Lately I've been noticing more and more cyclists talking on the phone while riding. Is it just me or do we commuters have a sort of collective hate for cell phones while riding/driving since so many of our close calls are caused by cell phone yapping motorists? Yesterday I saw a dude on a beautiful track bike riding with no hands down Fairfax talking on his cell. Don't get me wrong, I have a cell phone and enough skill to talk while riding, but I just don't. Wadaya all think?
Included a pic for the heck of it.


----------



## asterisk (Oct 21, 2003)

word, I think that's akin to riding with earphones in and music blasting... it would just take one unattentive driver and splat. Anything that takes away from your avaliable reaction time is never a good call.


----------



## gpsser (Oct 25, 2003)

guilty??? I have done it. I usually ride with a hands free setup though, having hands on a phone or anything else is just to dangerous....specially in heavy traffic.


----------



## meat tooth paste (Oct 6, 2004)

Yup...yup. I think cell phone talking is distracting for the operator of both a car and a bike. 

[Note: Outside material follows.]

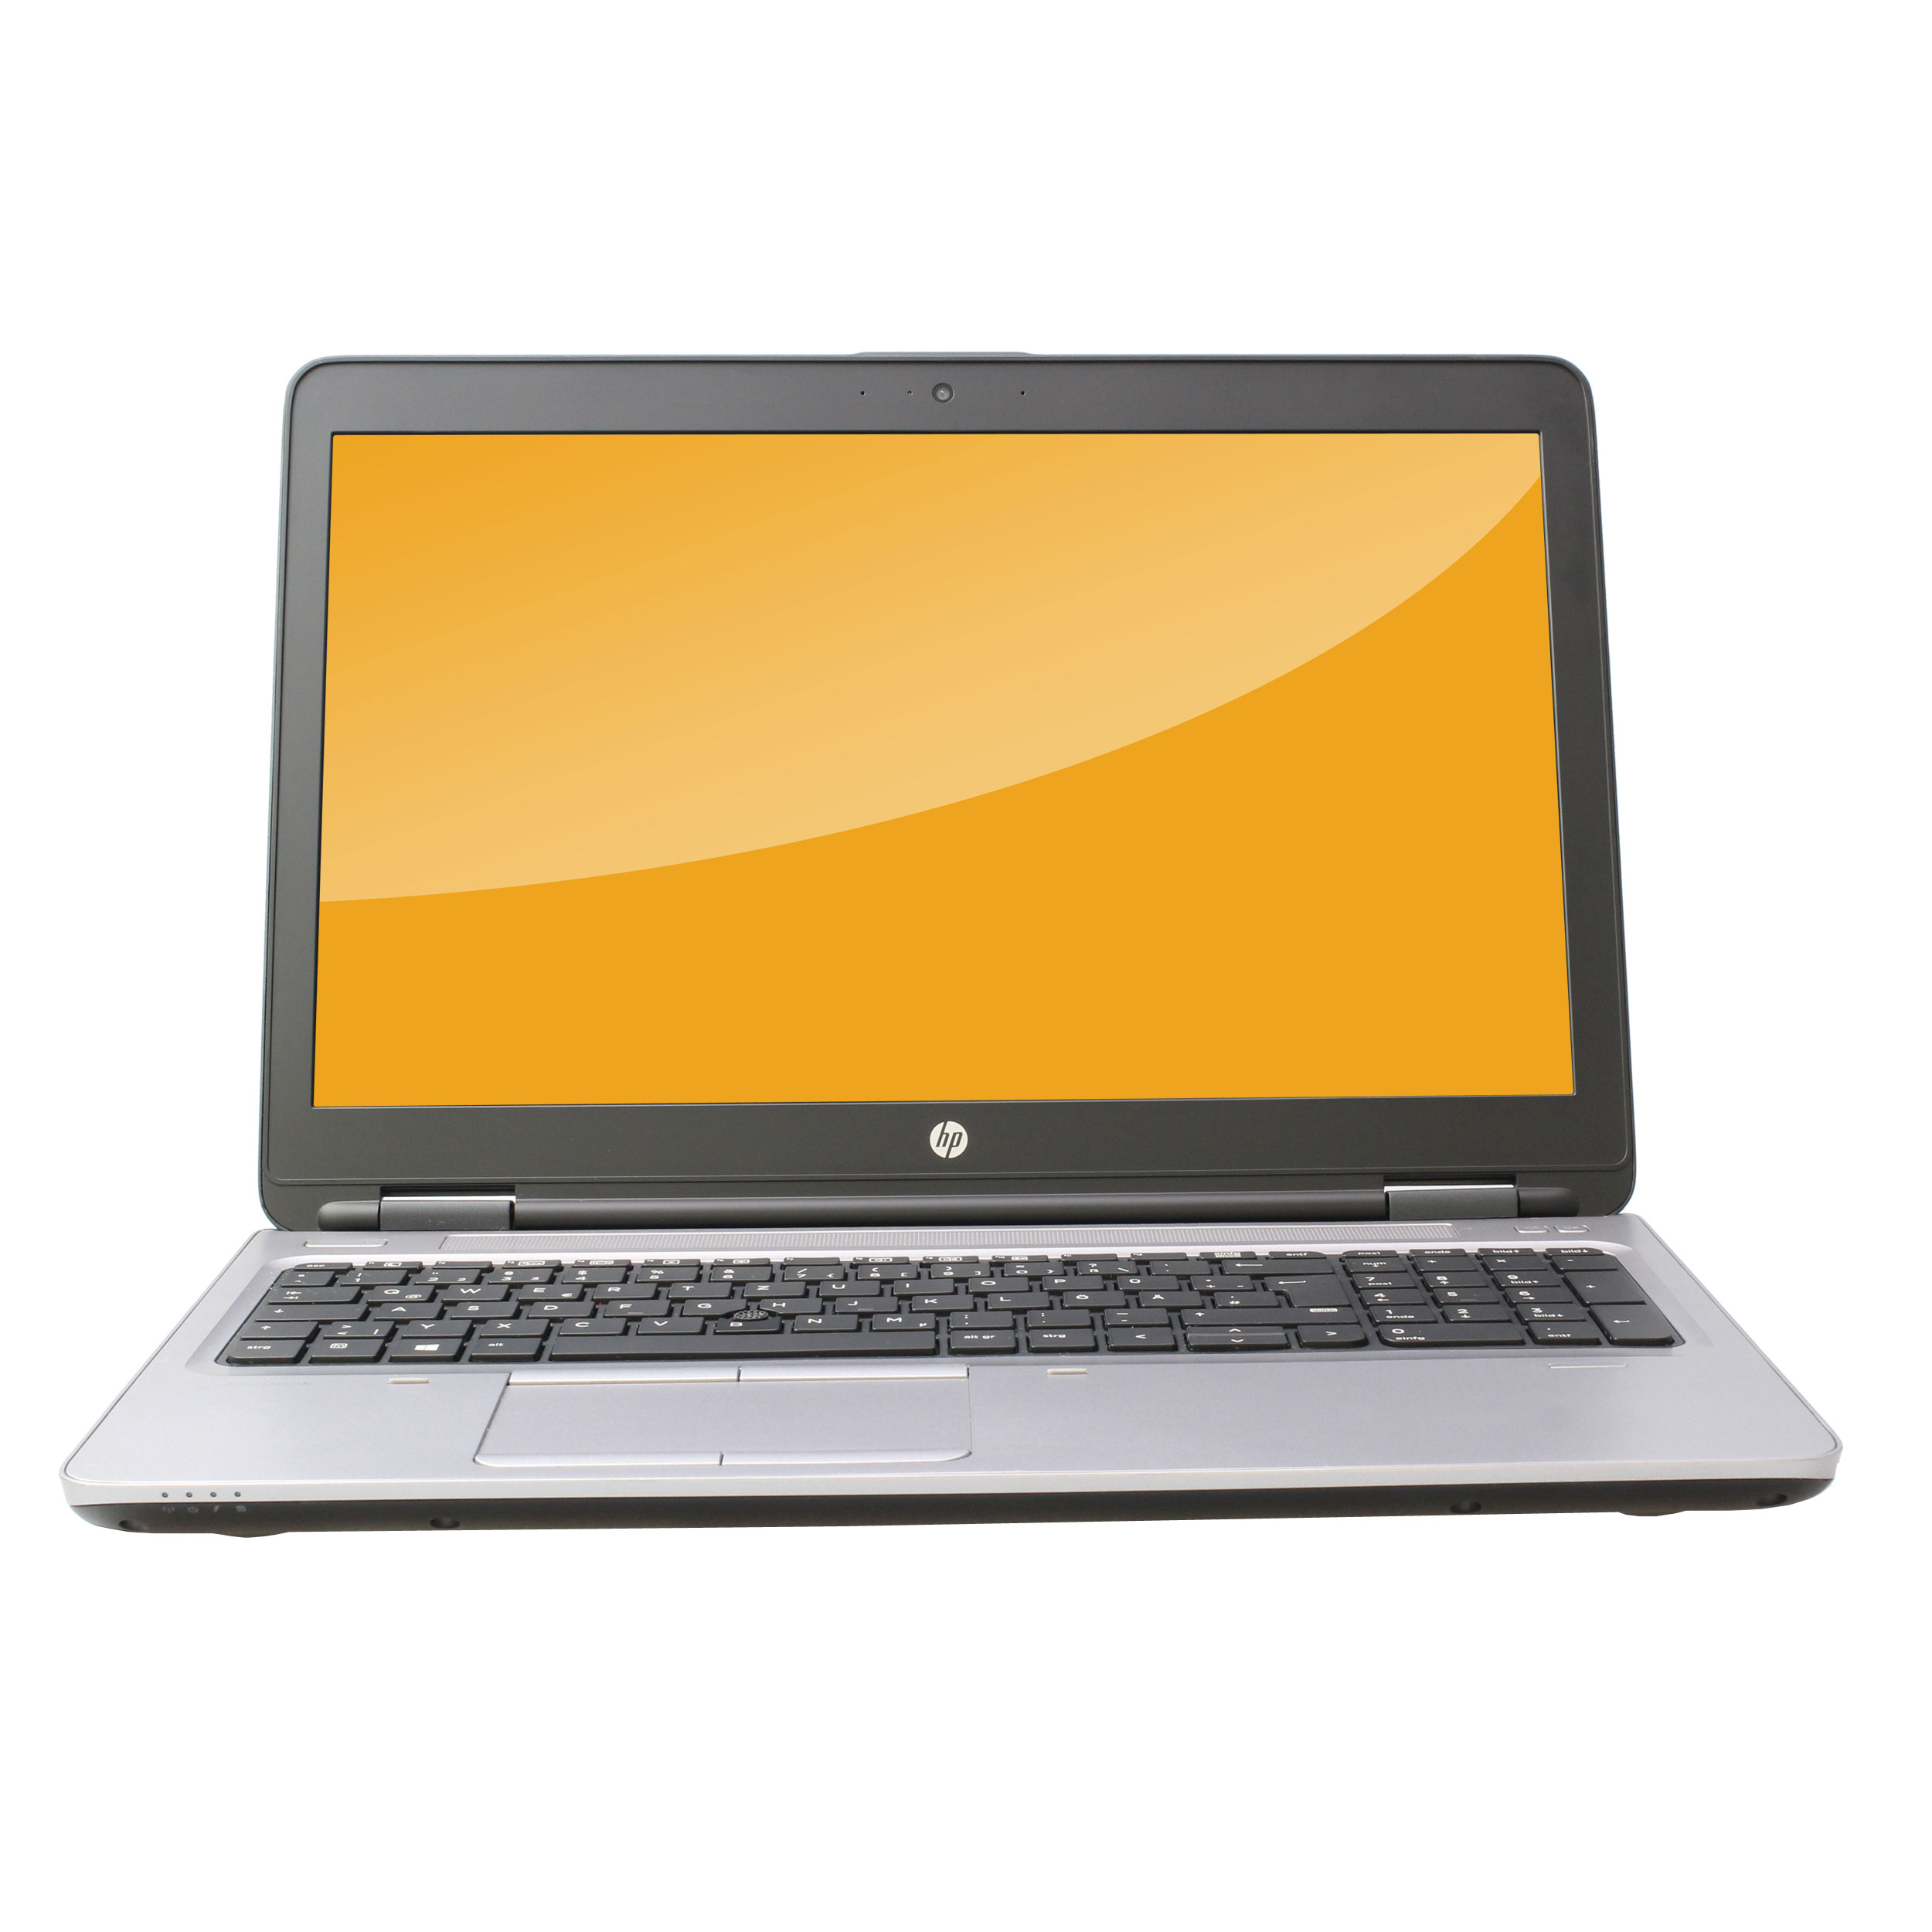 HP - HP ProBook 650 G2

My friend was hit head on by a logo spandex cladded road rider on the bike path in Santa Monica. He got up off the ground, and just got back and his bike and rolled away. No apologies. No "are you ok?".

I do carry my cell phone with me on rides, but I pull over and get off the bike to talk when I do feel the need to take a call.


----------



## diatribe (Jun 7, 2004)

northcoast said:


> Wadaya all think? Included a pic for the heck of it.


I always go with: "Safety First for me"

I find a safe place to pull over and take the call if I think it may be an emergency.

diatribe

Great shot of the bike!


----------



## TrevorInSoCal (Mar 31, 2003)

*I've done it...*

I occasionally talk on my cell while riding, but not often. Usually only when I'm cruising downtown at a leisurely pace on a side-street with little traffic. Never on my commute.

Of course I'm also one of those hooligans who wears earphones on my commute ride...

I suppose if I didn't wear earphones I could wear the bluetooth headset, and answer any calls that came in, but my commute is *my* time (Funny how when you *ride* to and from work the commute is something to look forward to.), and whoever it is can wait until I get home.

Totally off the subject, but is that frickin' buzzing fly shockwave banner-ad pissing everyone else off too? Geezus. Talk about annoying.

-Trevor


----------



## Hollywood (Jan 16, 2003)

*even harder*

whats harder is trying to answer the phone and hear the person over my iPod headphones.

"HELLO?! Hang on a sec, I'm in a left turn lane..."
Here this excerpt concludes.